Produce a word-for-word copy of the line that contains "Angled view of" and each line after it through the end of the material, omitting pictures and all other lines.

• DATA BLOCK
- - - - - - -
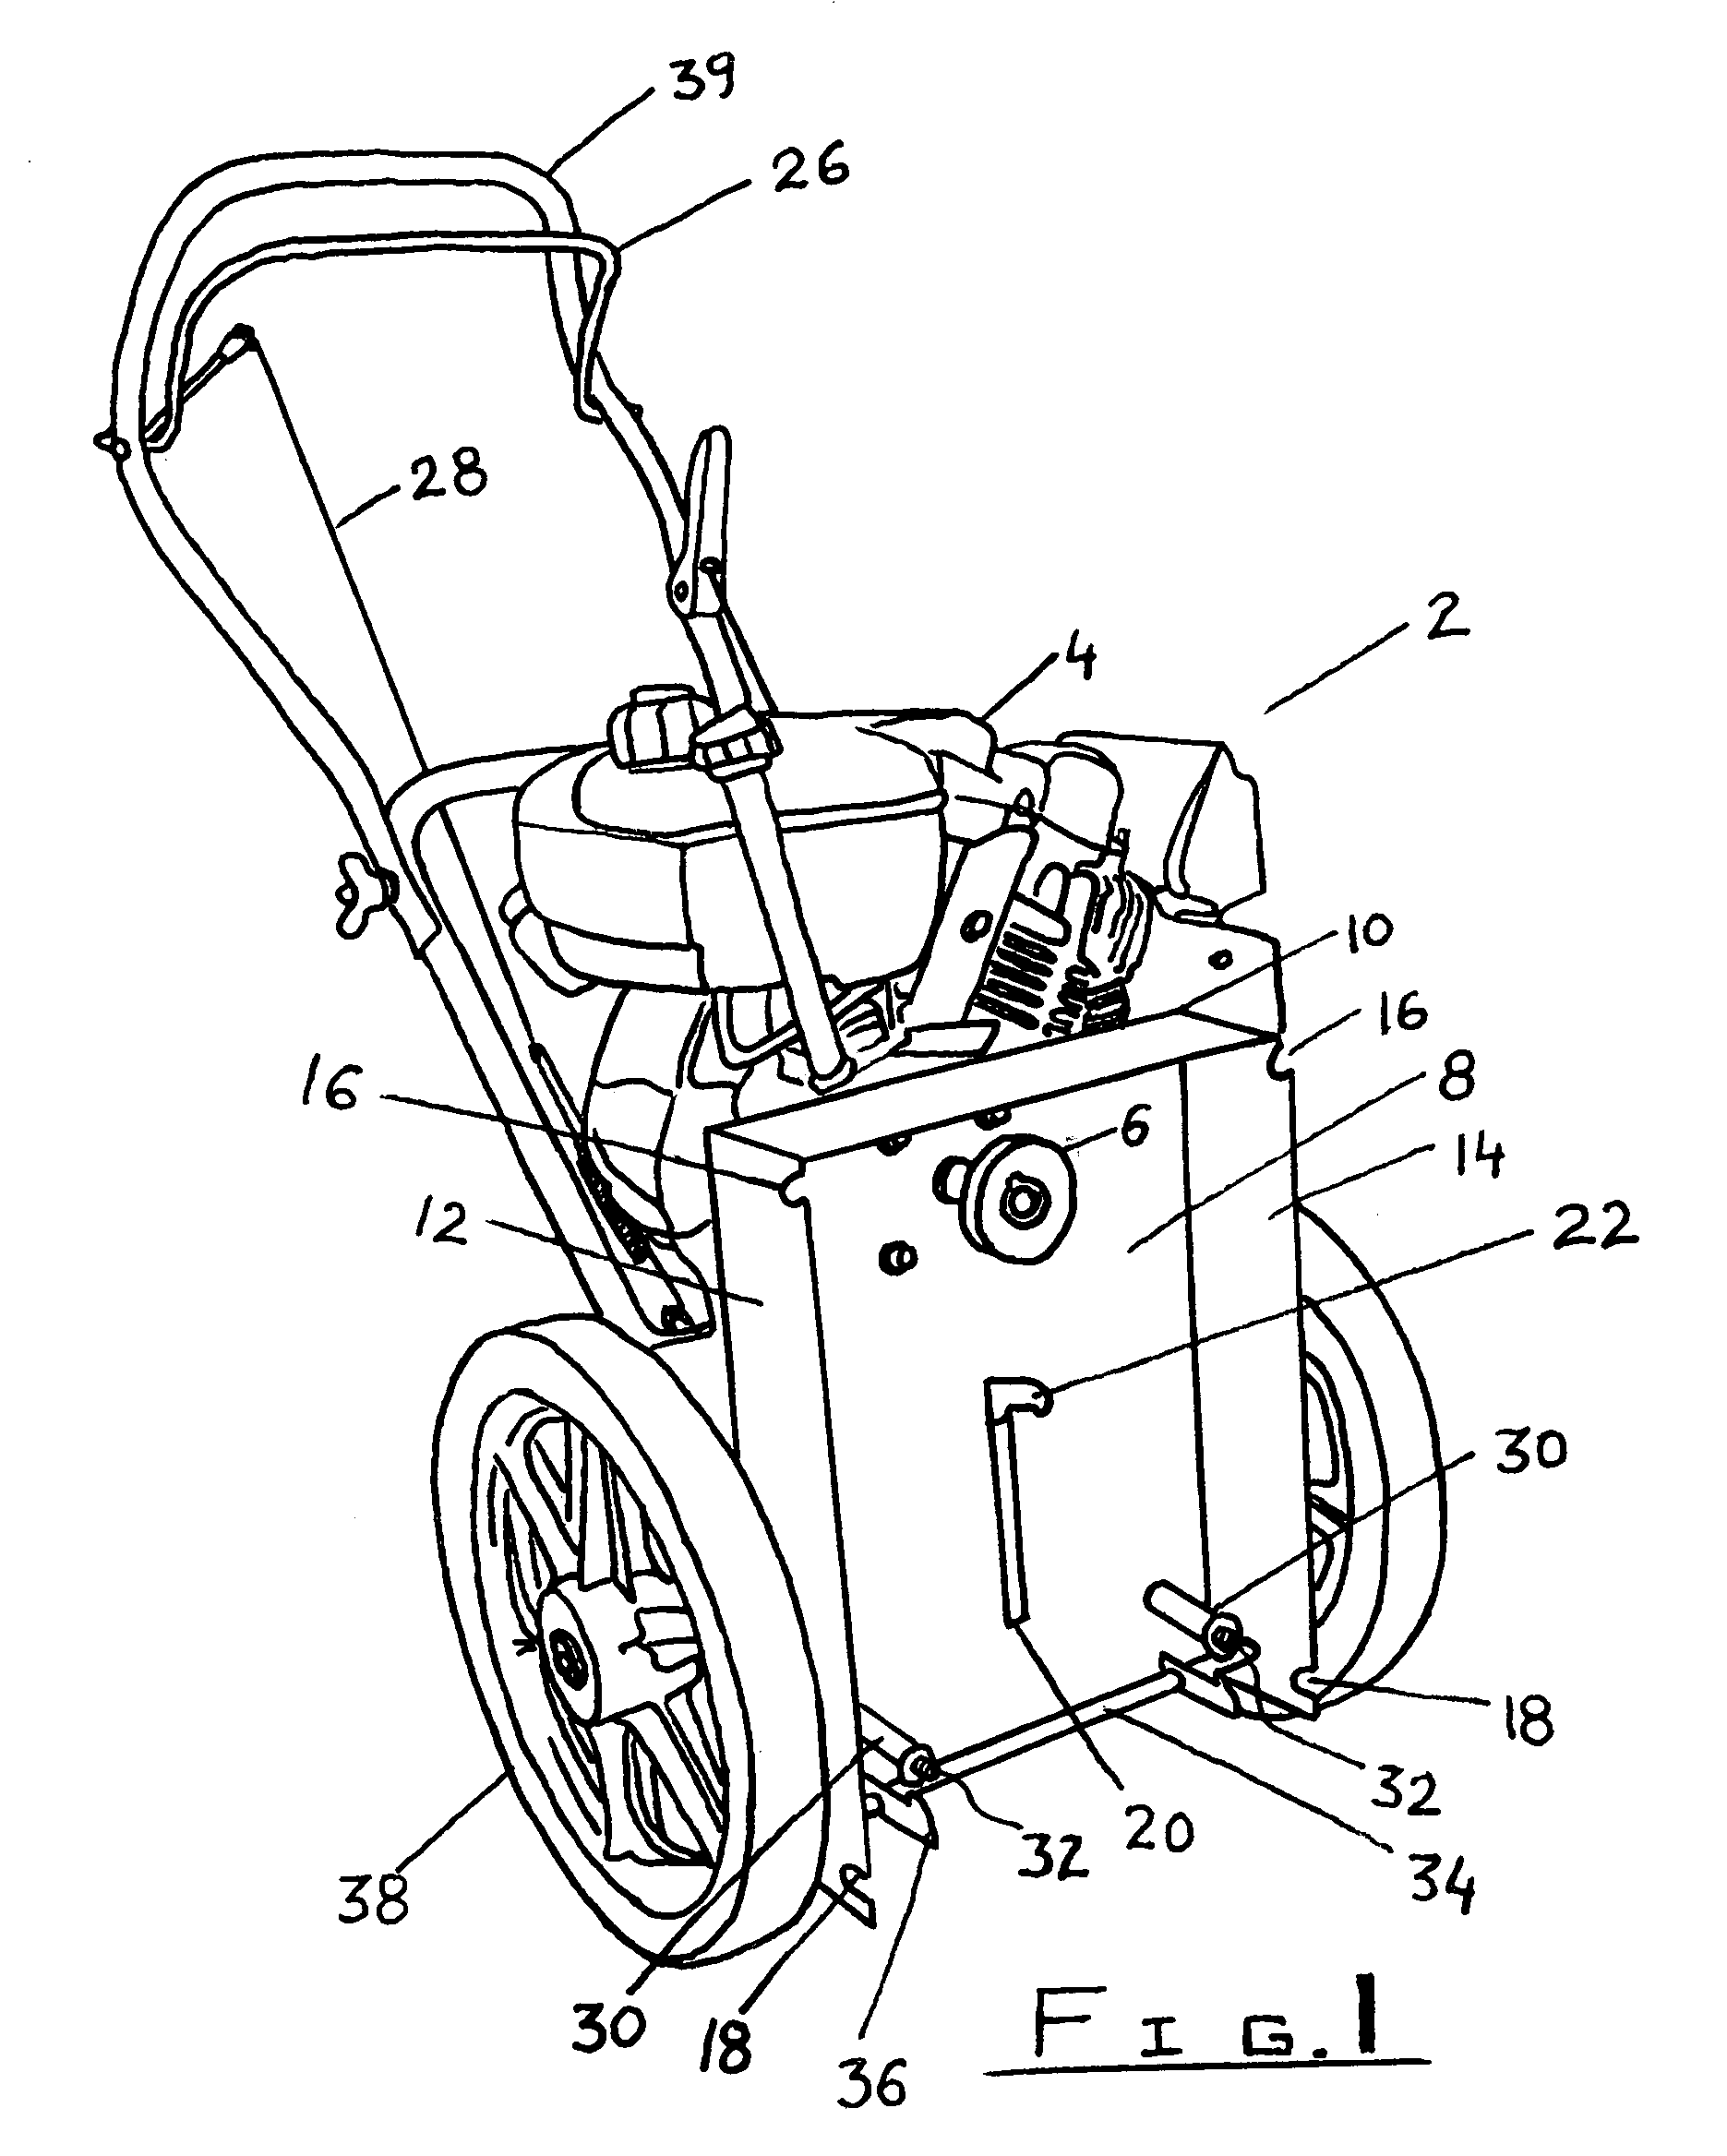 Landscape maintenance device and method of use thereof
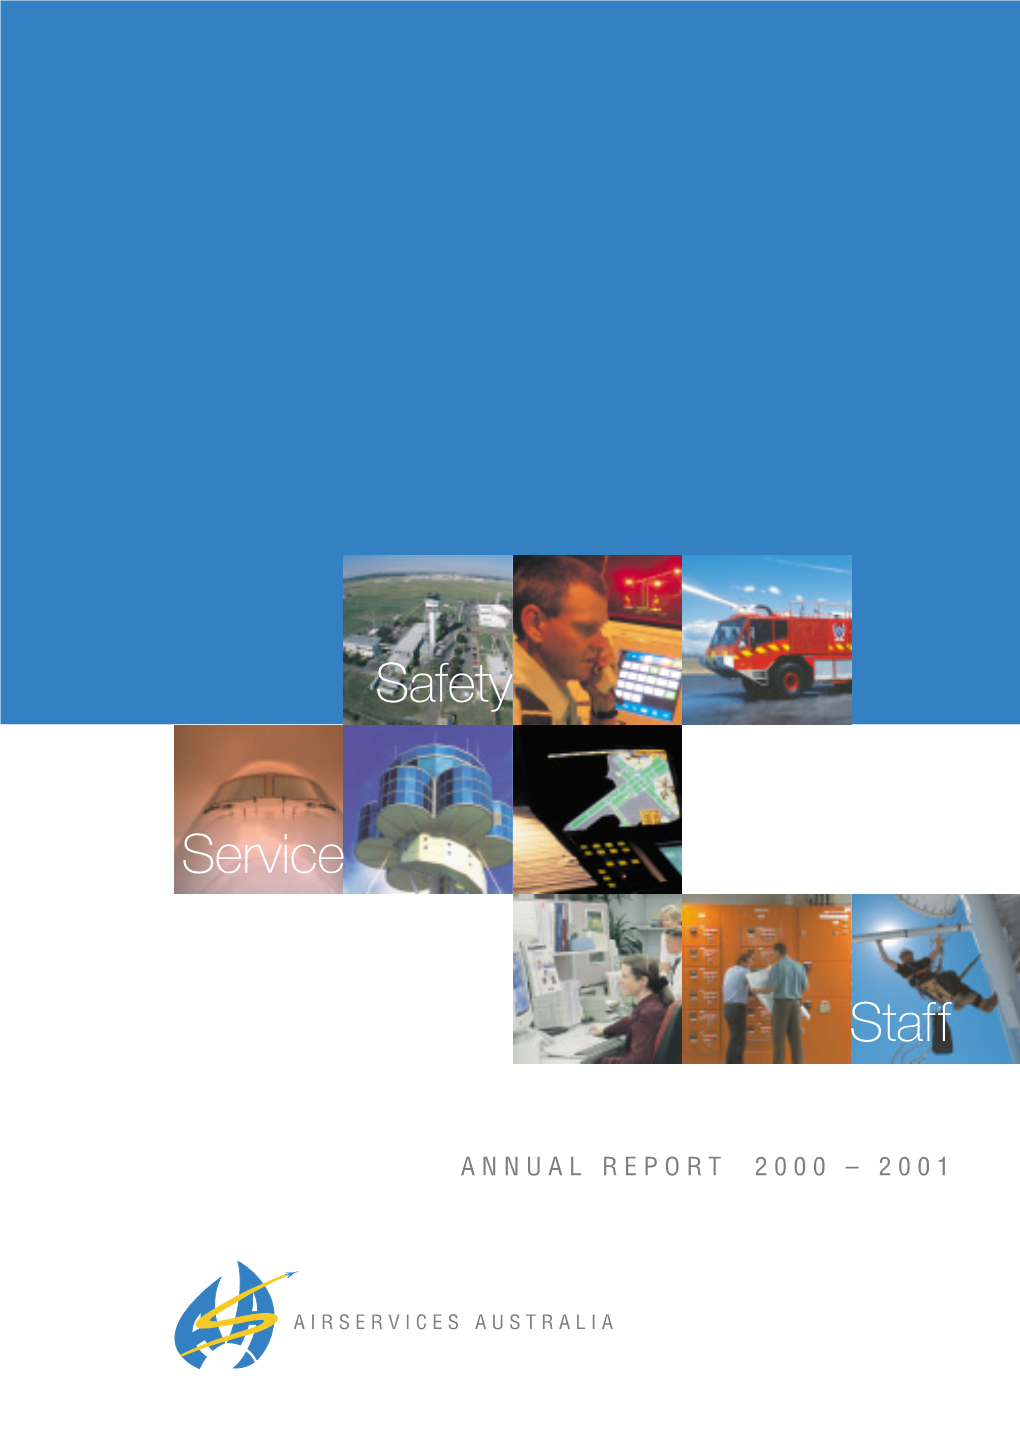 Airservices Australia Annual Report 2000 - 2001 Has Been Prepared in Accordance with Those Requirements and the Finance Minister’S Orders
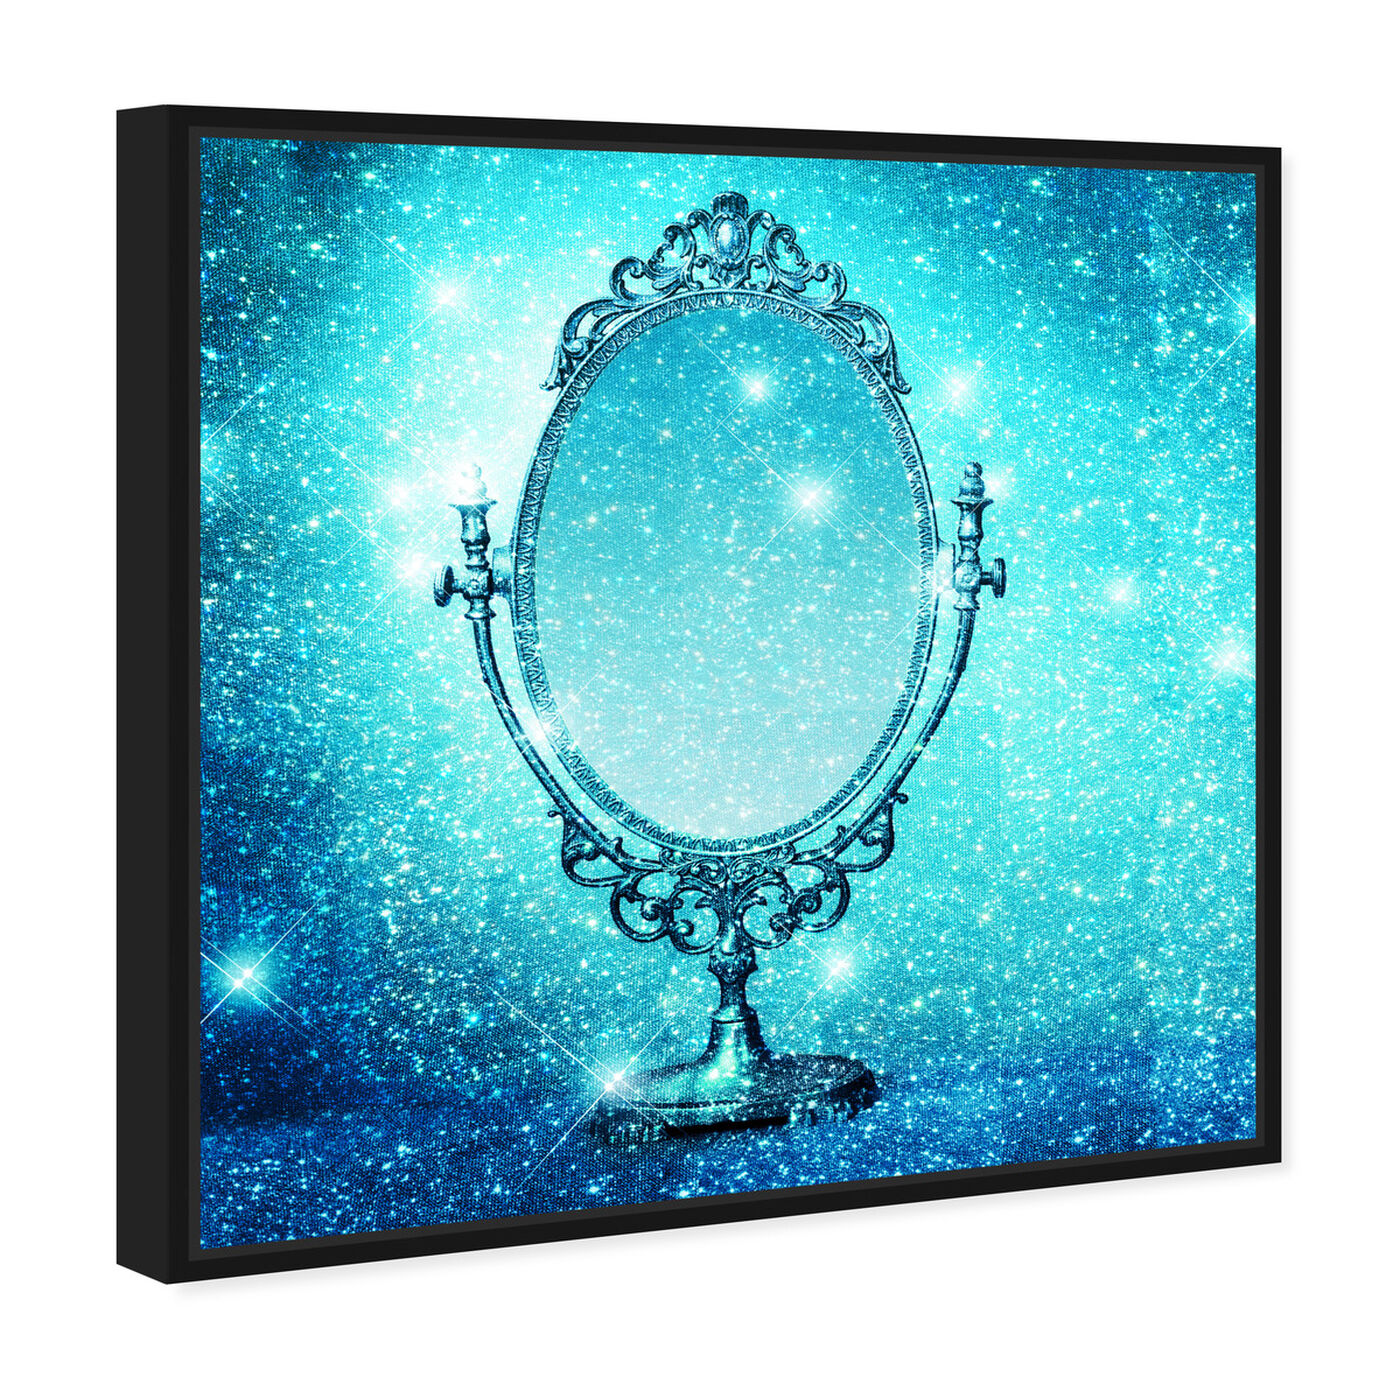 Angled view of Mirror Mirror featuring fashion and glam and makeup art.
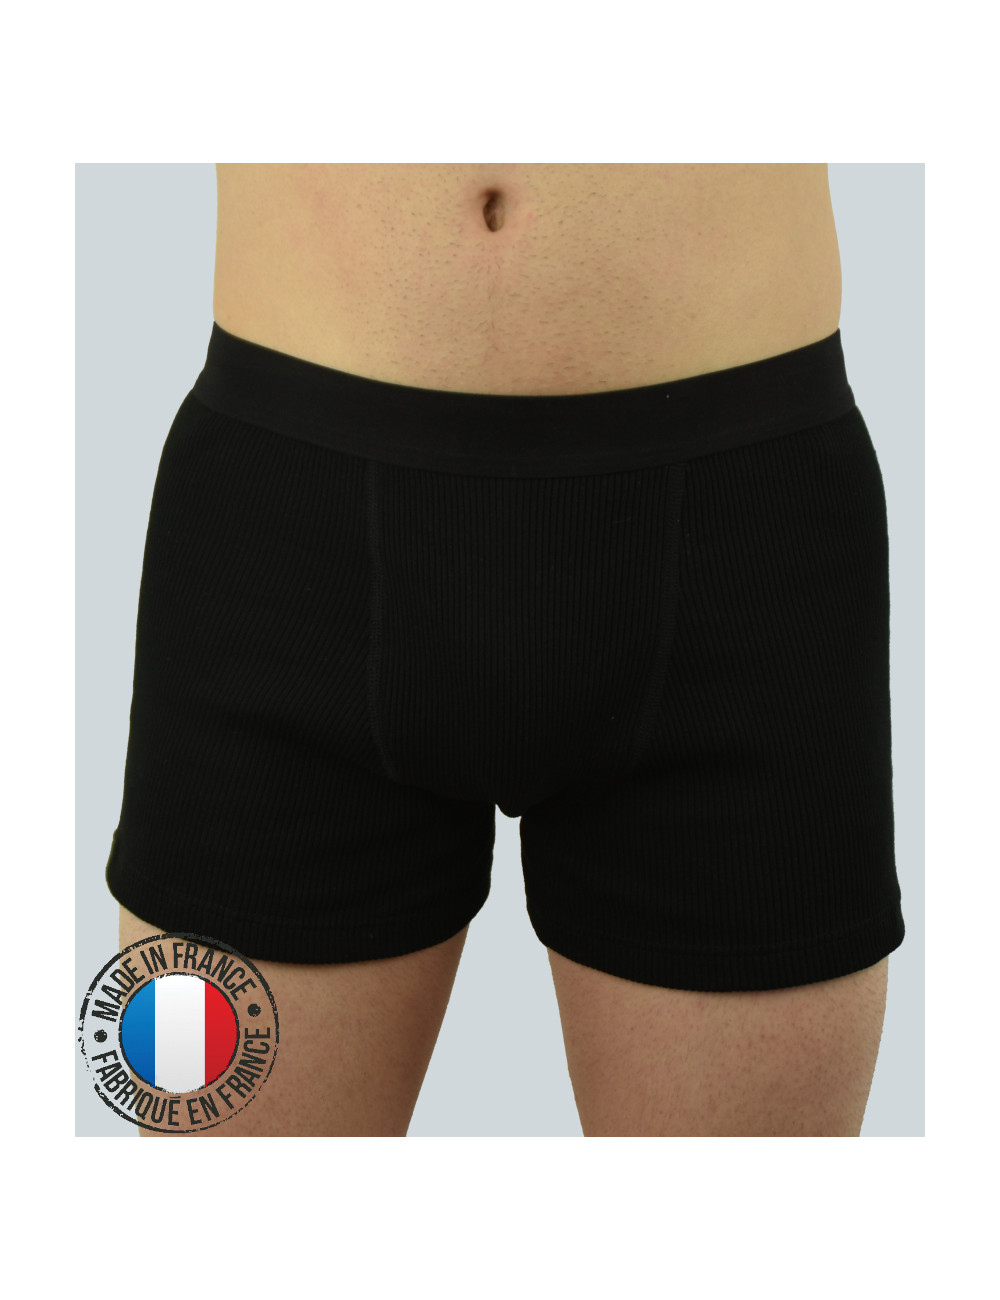 Boxer confortable made in France
- - - - - - -
• YOUR SOLUTION
 Angled view of Mirror Mirror featuring fashion and glam and makeup art.
 Boxer confortable made in France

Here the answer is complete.